**What needs to be done:**
What is needed is an exact copy of the lines from the line holding "Valsts prezidents Edgars" through the end of the material, with no other lines and no pictures.

== Data extract ==

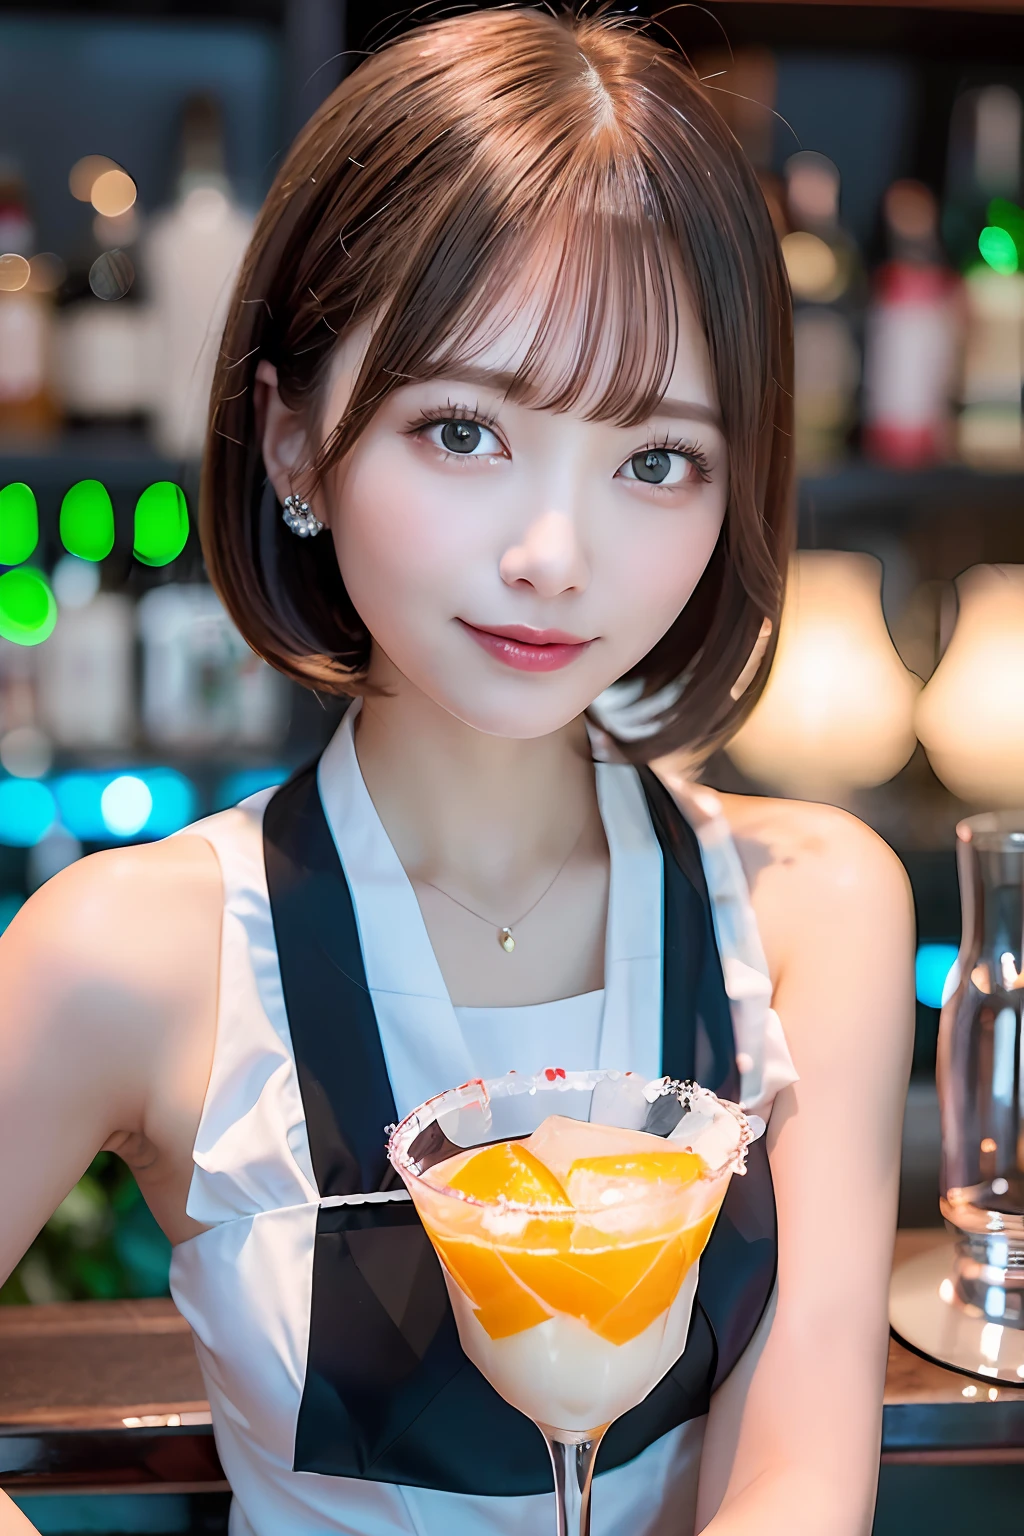 (Barman féminin servant de beaux cocktails au comptoir du bar faiblement éclairé,),(( Uniforme de barman blanc et noir,))、Fille idole du Japon、Un sourire、(Cheveux coupés au carré brun rougeâtre、épingle à cheveux)、aux seins énormes、(((Versez les glaçons dans un récipient en verre brillant,、Dégustez un cocktail bleu coloré inspiré de l&#39;été,))),beaux doigts,De beaux bouts de doigts,regarder le spectateur、
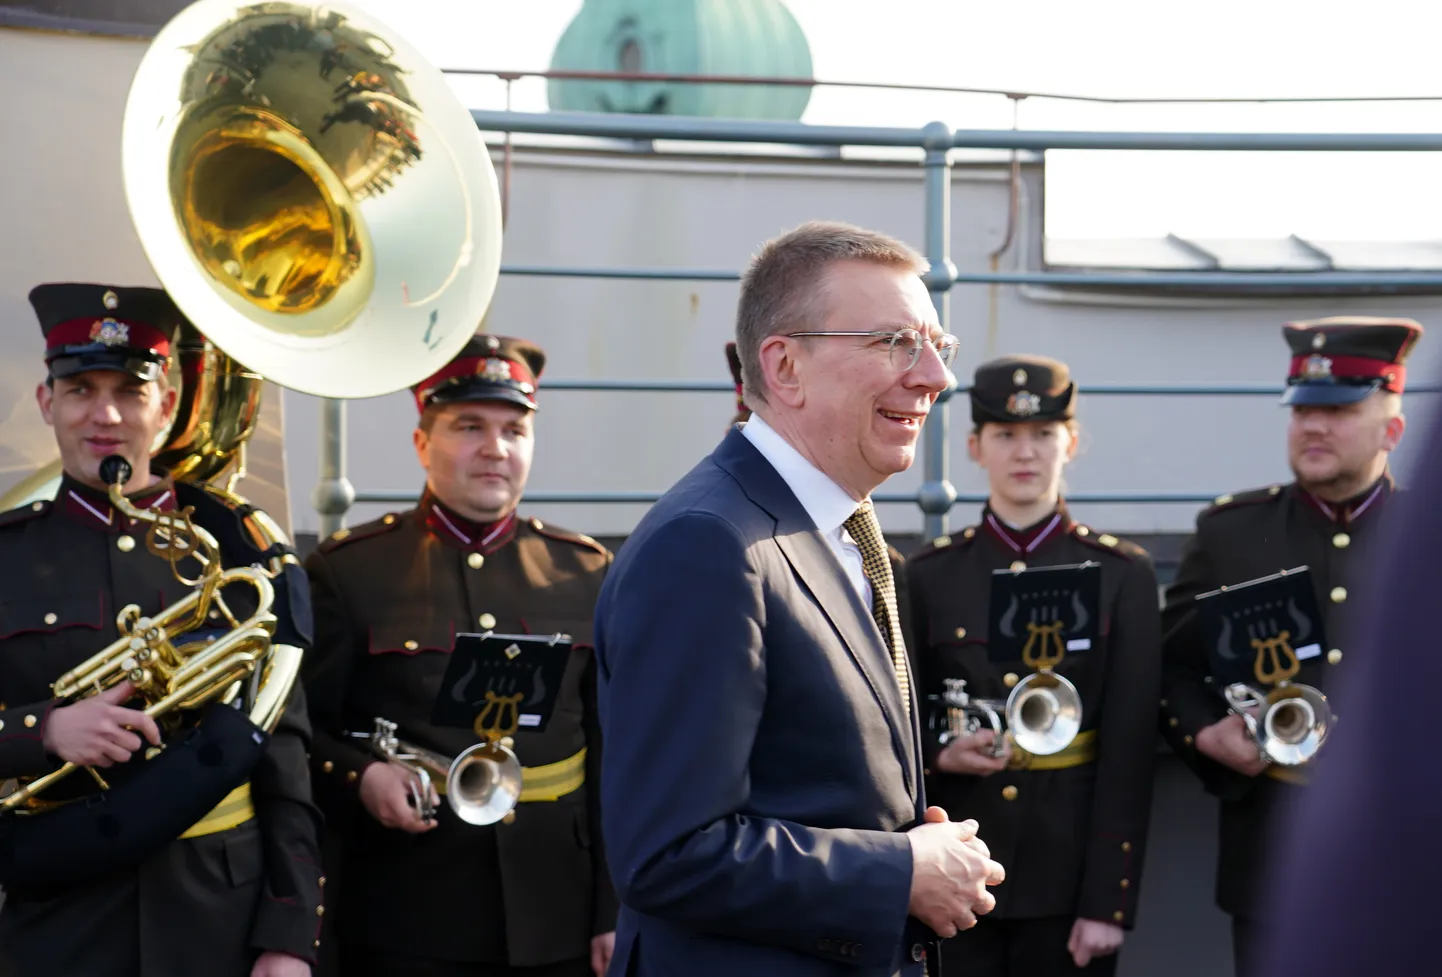 Valsts prezidents Edgars Rinkēvičs (centrā) piedalās Eiropas Savienības karoga pacelšanā Rīgas pils Svētā Gara tornī, atzīmējot Latvijas iestāšanās Eiropas Savienībā 20. gadadienu.
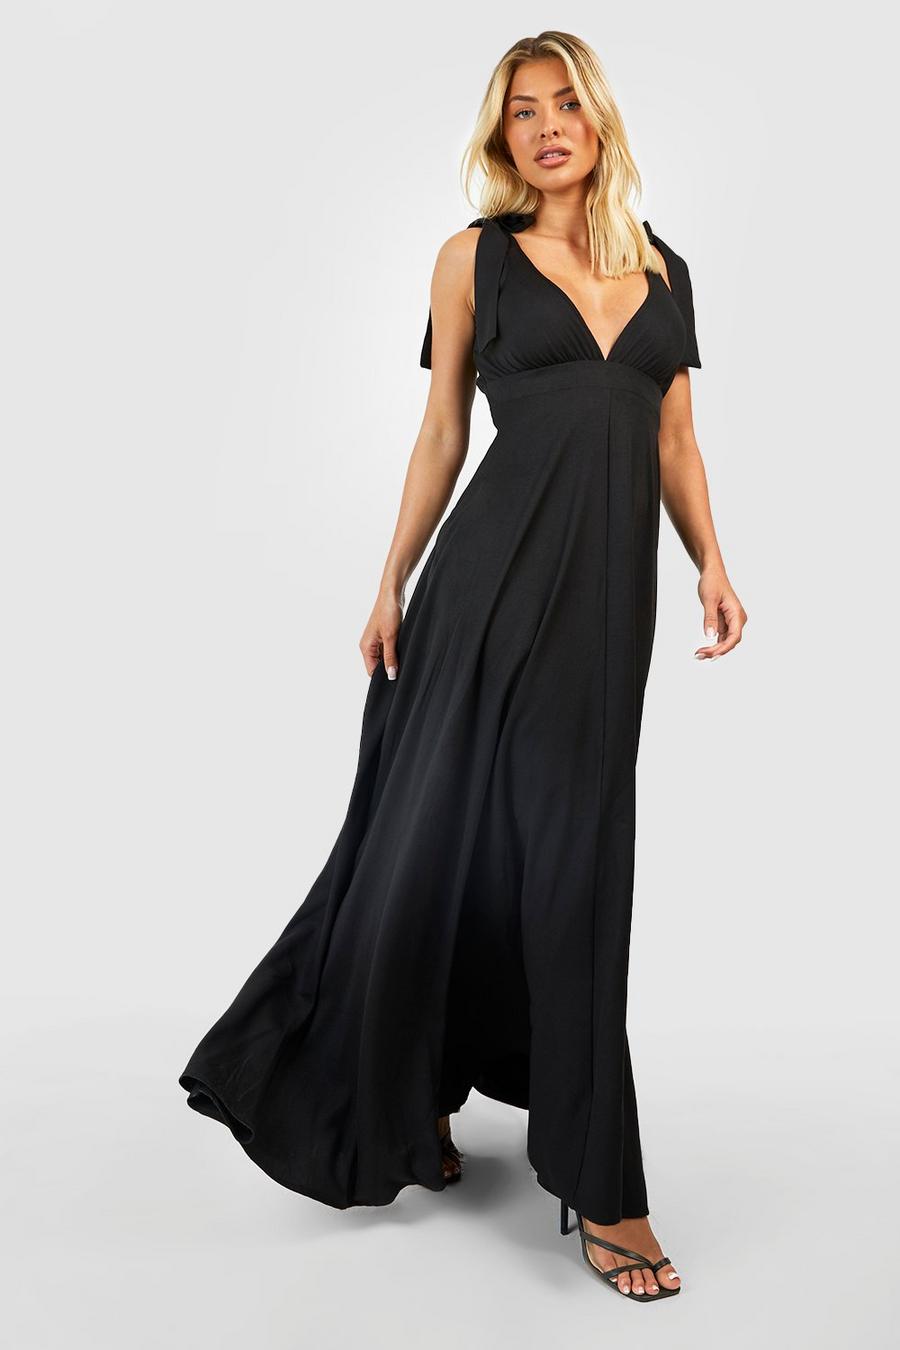 שחור negro שמלת מקסי עם מחשוף עמוק וכתפיות עם קשירה

===

**Result:**
 Valsts prezidents Edgars Rinkēvičs (centrā) piedalās Eiropas Savienības karoga pacelšanā Rīgas pils Svētā Gara tornī, atzīmējot Latvijas iestāšanās Eiropas Savienībā 20. gadadienu.
 שחור negro שמלת מקסי עם מחשוף עמוק וכתפיות עם קשירה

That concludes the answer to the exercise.